To run the development server against a non-local instance, you will need to provide an environment variable, SNOWPACK_PUBLIC_API_HOST that tells the web application how to connect to the Frigate API:

cd web && SNOWPACK_PUBLIC_API_HOST=http://<ip-address-to-your-frigate-instance>:5000 npm run start

4. Making changes#

The Web UI is built using Snowpack, Preact, and Tailwind CSS.

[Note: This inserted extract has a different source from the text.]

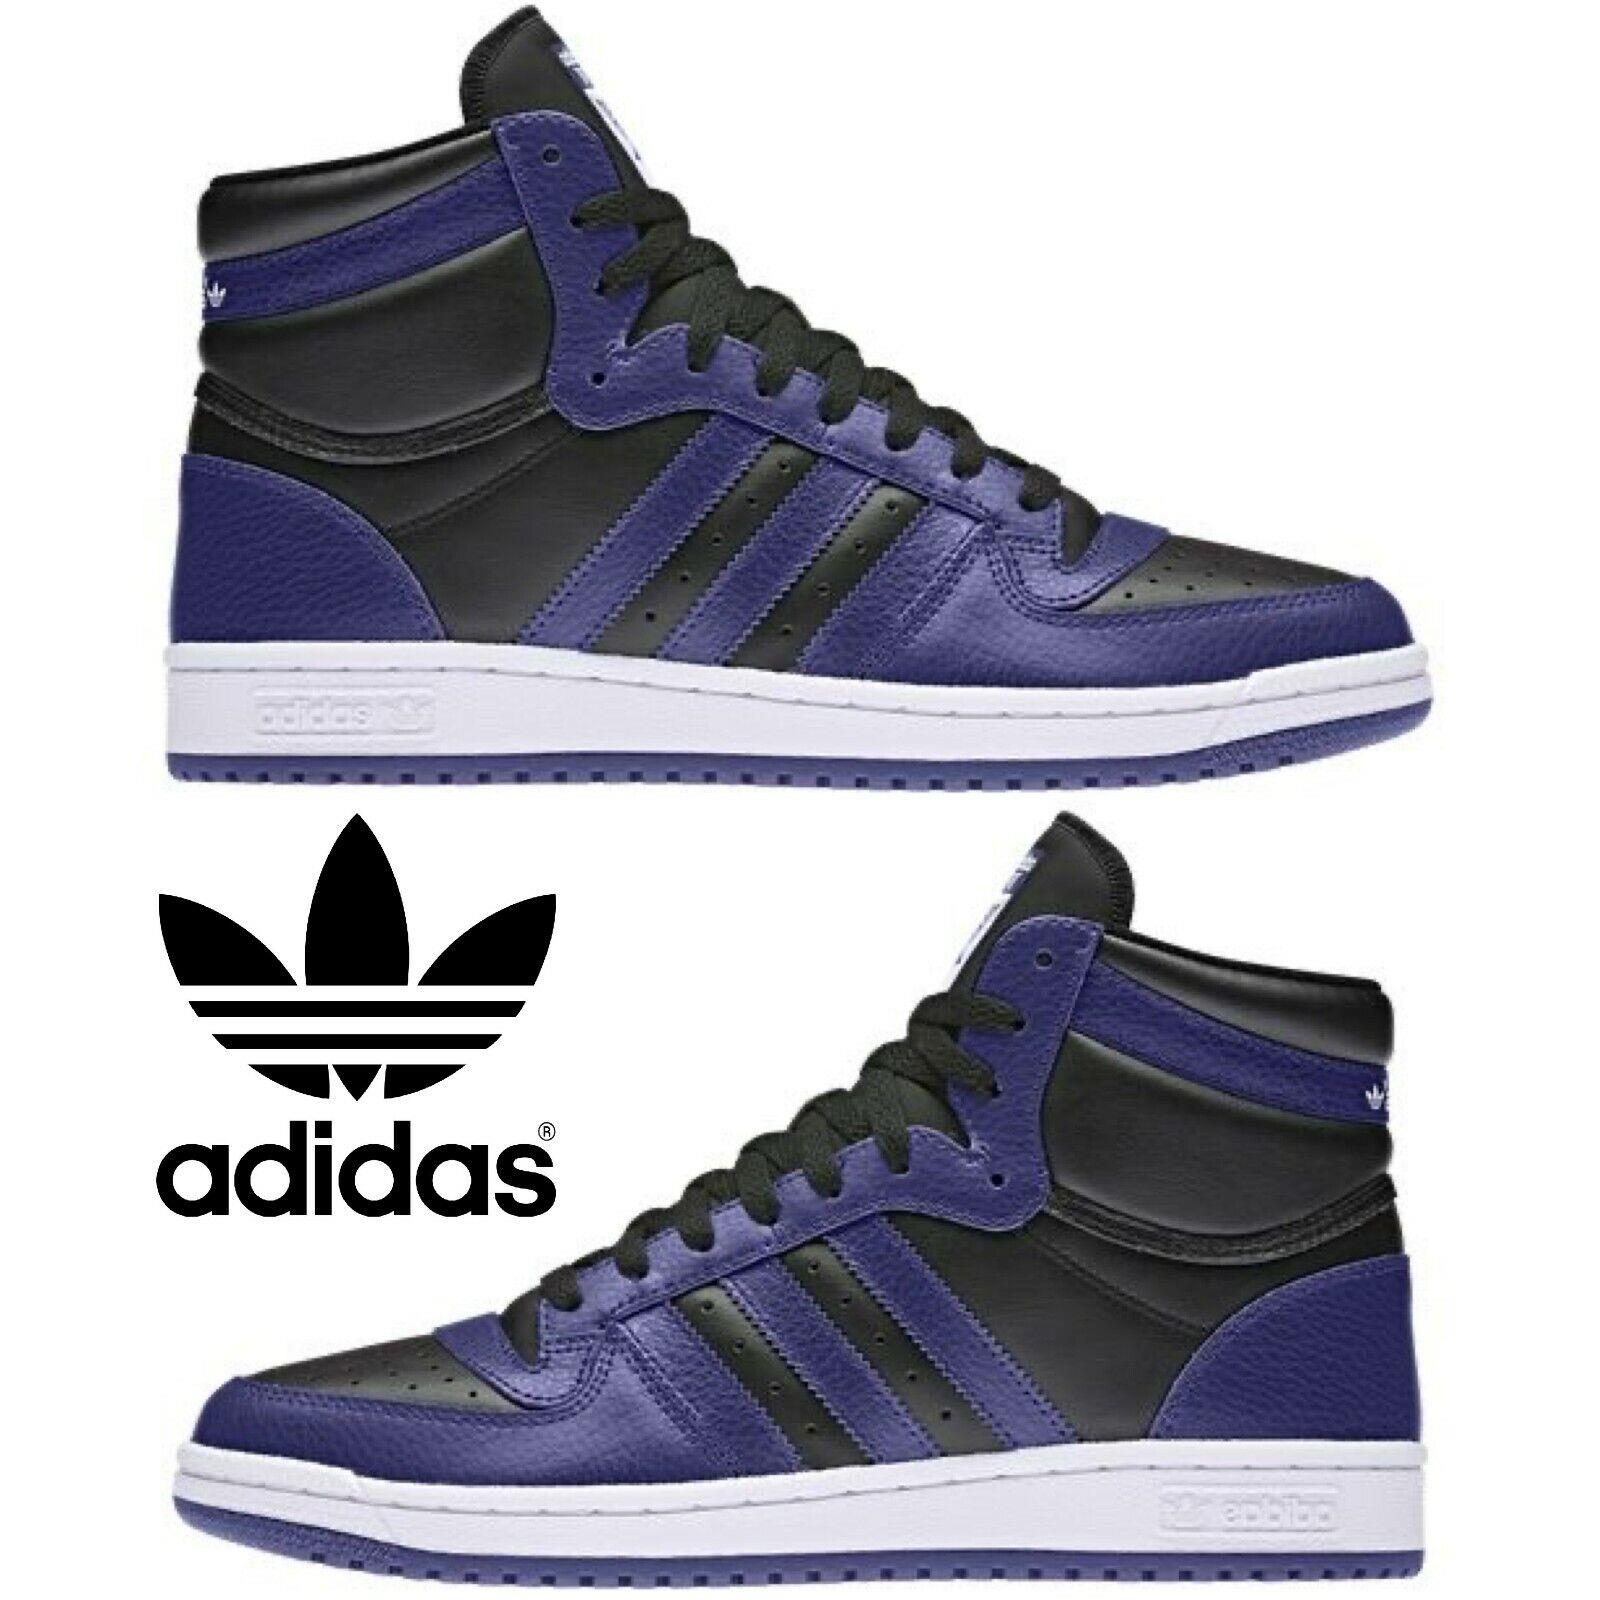 Adidas Originals Top Ten Hi Men`s Sneakers Comfort Casual Shoes Black Royal Blue - Black , Black/Royal Manufacturer

Light guidelines and advice:

  • Avoid adding more dependencies. The web UI intends to be lightweight and fast to load.
  • Do not make large sweeping changes. Open a discussion on GitHub for any large or architectural ideas.
  • Ensure lint passes. This command will ensure basic conformance to styles, applying as many automatic fixes as possible, including Prettier formatting.
npm run lint
  • Add to unit tests and ensure they pass. As much as possible, you should strive to increase test coverage whenever making changes. This will help ensure features do not accidentally become broken in the future.
npm run test
  • Test in different browsers. Firefox, Chrome, and Safari all have different quirks that make them unique targets to interact with.

Documentation#

Prerequisites#

Making changes#

1. Installation#

npm install

2. Local Development#

npm run start

This command starts a local development server and open up a browser window. Most changes are reflected live without having to restart the server.

The docs are built using Docusaurus v2. Please refer to the Docusaurus docs for more information on how to modify Frigate's documentation.

3. Build (optional)#

npm run build

This command generates static content into the build directory and can be served using any static contents hosting service.